Protein Mutational Scanning#
Apply spatial coherence to deep mutational scanning (DMS) data to identify functional domains and essential residues.
Overview#
Deep mutational scanning generates fitness landscapes across proteins:
Position: Residue number
Response: Fitness effect (growth rate, binding, activity)
Spatial coherence identifies regions where mutations have consistent effects, distinguishing functional cores from tolerant regions.
Basic Example#
from phaselab.protein.mutscan import (
MutScanLandscape,
analyze_mutscan_coherence,
)
# Your DMS data
landscape = MutScanLandscape(
positions=[1, 2, 3, 4, 5, 6, 7, 8, 9, 10],
effects=[-0.1, -0.2, -2.5, -2.8, -3.0, -2.7, -0.3, -0.1, 0.0, 0.1],
protein_id="TEM1",
protein_name="TEM-1 β-Lactamase",
effect_type="fitness",
)
# Analyze coherence
result = analyze_mutscan_coherence(
landscape,
window=5, # Residues for local coherence
essential_threshold=-1.0, # Effect threshold for essential
)
# View results
print(f"Functional domains: {len(result.functional_domains)}")

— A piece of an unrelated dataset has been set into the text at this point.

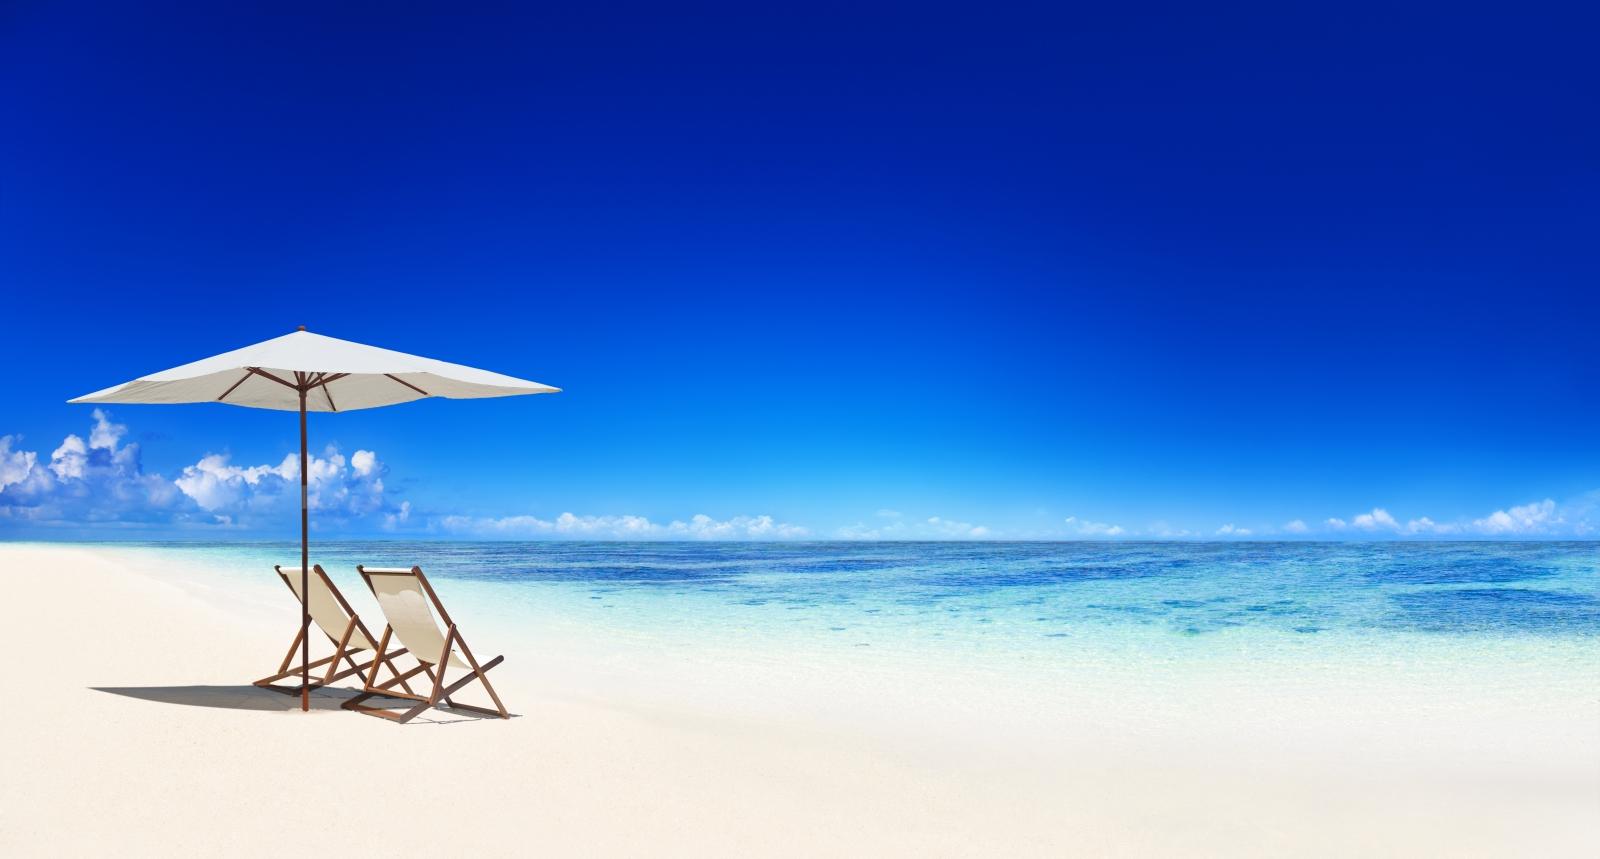 Deck chair on the tropical beach.

print(f"Essential regions: {len(result.essential_regions)}")
print(f"Variable regions: {len(result.variable_regions)}")
Finding Essential Domains#
# Essential domains: low fitness + high coherence
for domain in result.essential_regions:
print(f"Essential: residues {domain.start}-{domain.end}")
print(f" Mean fitness effect: {domain.mean_effect:.2f}")
print(f" Coherence: {domain.coherence:.3f}")
print(f" Likely function: {domain.annotation}")
# Variable regions: mutations tolerated
for region in result.variable_regions:
print(f"Tolerant: residues {region.start}-{region.end}")
print(f" Good for engineering: mutations here may be neutral")
Per-Residue Coherence Profile#
from phaselab.protein.mutscan import local_coherence_profile
# Get coherence at each position
profile = local_coherence_profile(landscape, window=5)
for pos, coh in zip(profile.positions, profile.coherence):
status = "essential" if coh > 0.7 else "variable"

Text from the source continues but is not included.